During that time I have written innumerable blog posts, both here and on sites like Selfish Mother and Mother of All Lists and completed my third full-length novel, but I have also struggled to describe myself as a writer. In fact, when someone asks me what I do, I normally mumble something about being a stay-at-home mum and umm, er, umm, yeah I kind of do some writing. It’s not exactly selling myself or my work. 

So, why do I do this? Is it because I don’t earn (anything like) enough to make a living as a writer? But then, I am a school governor, which is an entirely voluntary role, but I am happy enough to tell people that that is one of the things I do.

Is it because I haven’t had a new book out for years? Well, possibly. But then I still own my English degree even though it is coming up to 20 years since I last read any untranslated Middle English. 

Mainly, though, I think it is imposter syndrome. A worry that I will be tapped on the shoulder and told I am not really an author because I didn’t become a best-seller, or get on Richard and Judy’s Book Club or win the Nobel Prize for Literature!

My littlest girl wrote a ‘book’ recently, and took it into school to show her teacher. She proudly explained ‘I am an author now, like my Mummy’. She is totally happy to own her achievements, and she is proud of me. My eldest girl, when I completed  A Thoroughly Modern Marriage last year, instantly started planning the launch party. She is proud of me. This doesn’t come easily to me, but I am going to try and be proud of me too. As my girls get older I don’t want them to undersell themselves or their achievements, I want them to have self-belief, I want them to have confidence in their right to take up space in the world, and how can I ensure they do this if I, as their most important female role model, don’t demonstrate that behaviour myself?

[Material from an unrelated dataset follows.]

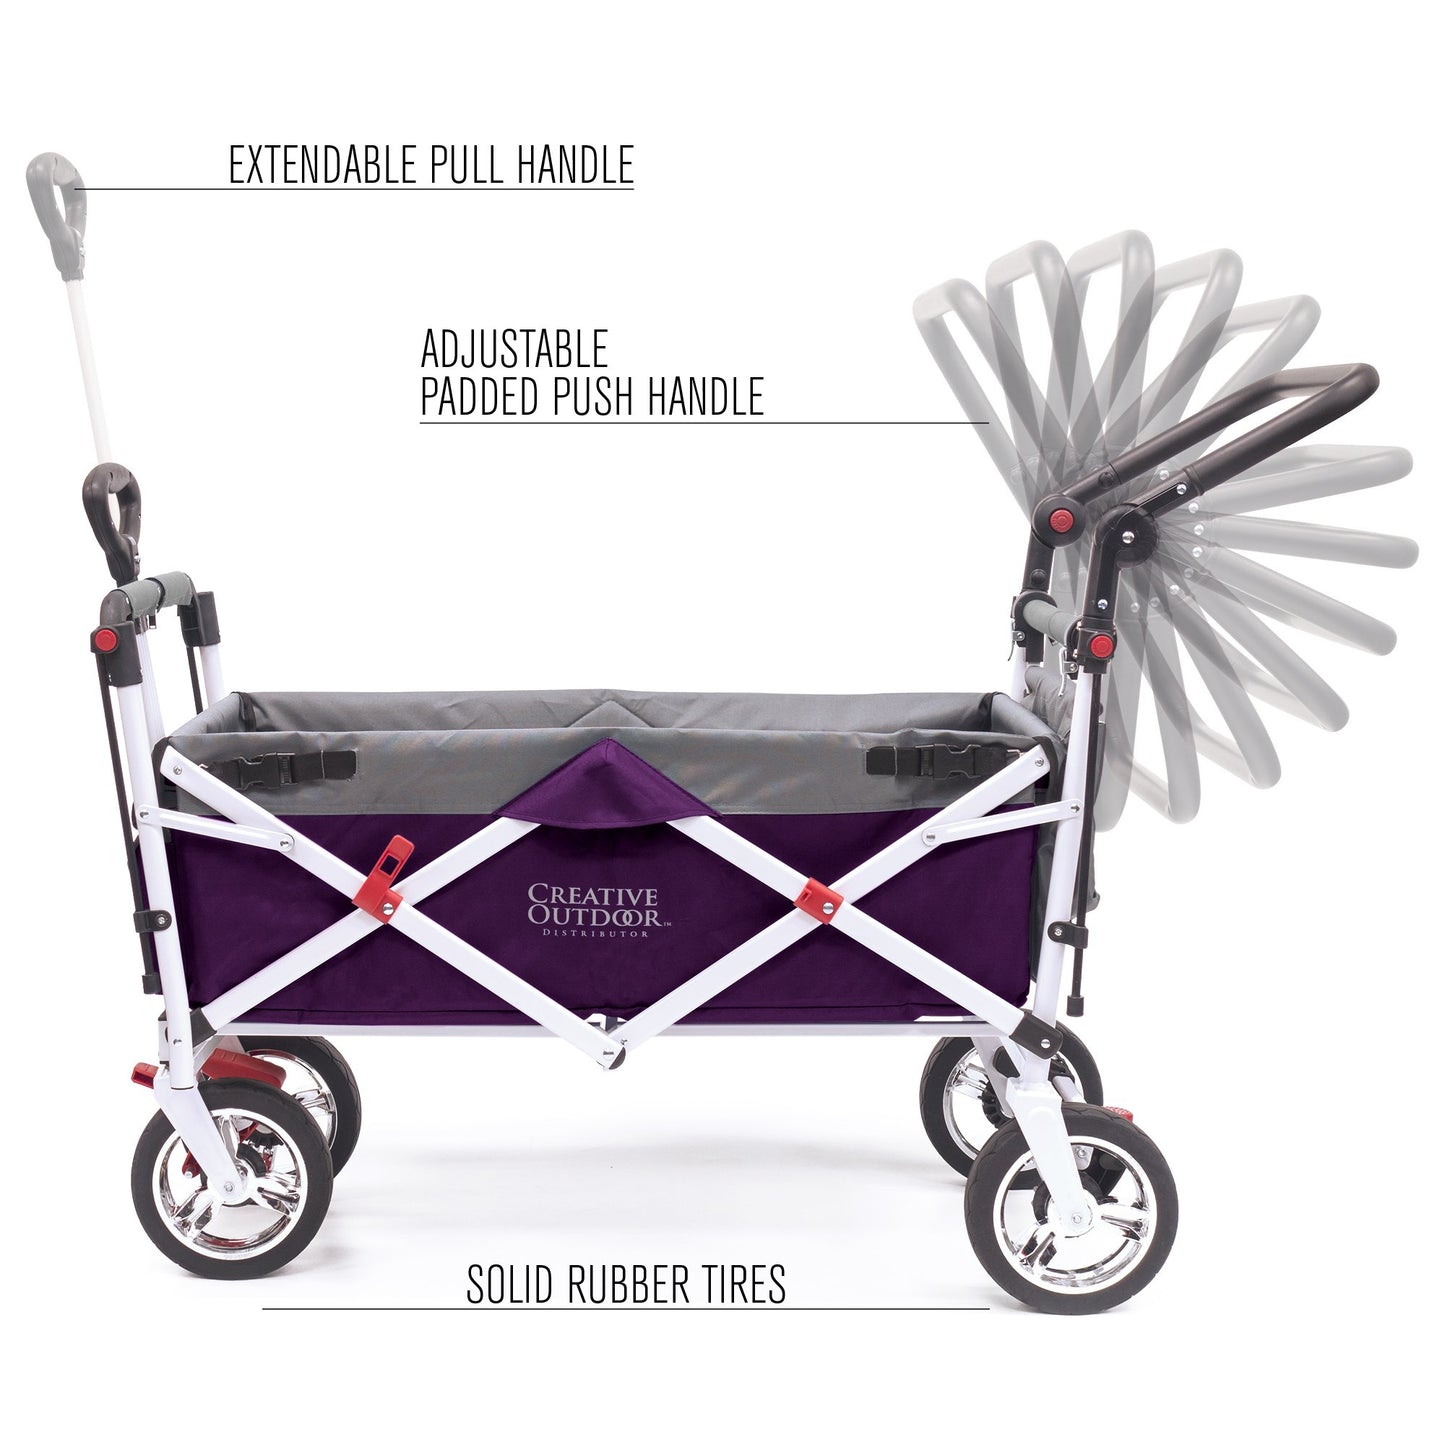 push-pull-silver-series-plus-folding-wagon-stroller-with-canopy-purple

Wise words from my 6 year old daughter

When my eldest was born I decided that if I could help it she would not grow up with hang ups about her body. I would not adopt restrictive diets or count calories in front of her. I would not castigate myself for being fat or putting weight on, and I would not allow any of the other significant women in her life to do so in her hearing. I still think this is the right thing to do, and I hope it helps both my girls to have confidence in their bodies and to understand that their looks are the least important thing about them. But maybe I now need to adopt the same approach to my career?

So here it goes. My name is Helen. I am 40 years old and I am a writer. And a mother. And a newly qualified doula.

A Mama, yes, always – but Helen as well!

I am a writer and I am publishing my new book, A Thoroughly Modern Marriage as an e-book and print-on-demand book on Amazon. Publication date is 21 July 2021, but it will be available for pre-order very soon. It is the perfect feel-good summer read, a story about complicated families and relationships and most of all about the triumph of hope and unconventional happy endings. 

I hope you buy it and love it and review it, and tell your friends to do the same, and I hope that in admitting to my own imposter syndrome and trying to overcome it I can encourage my readers to do likewise.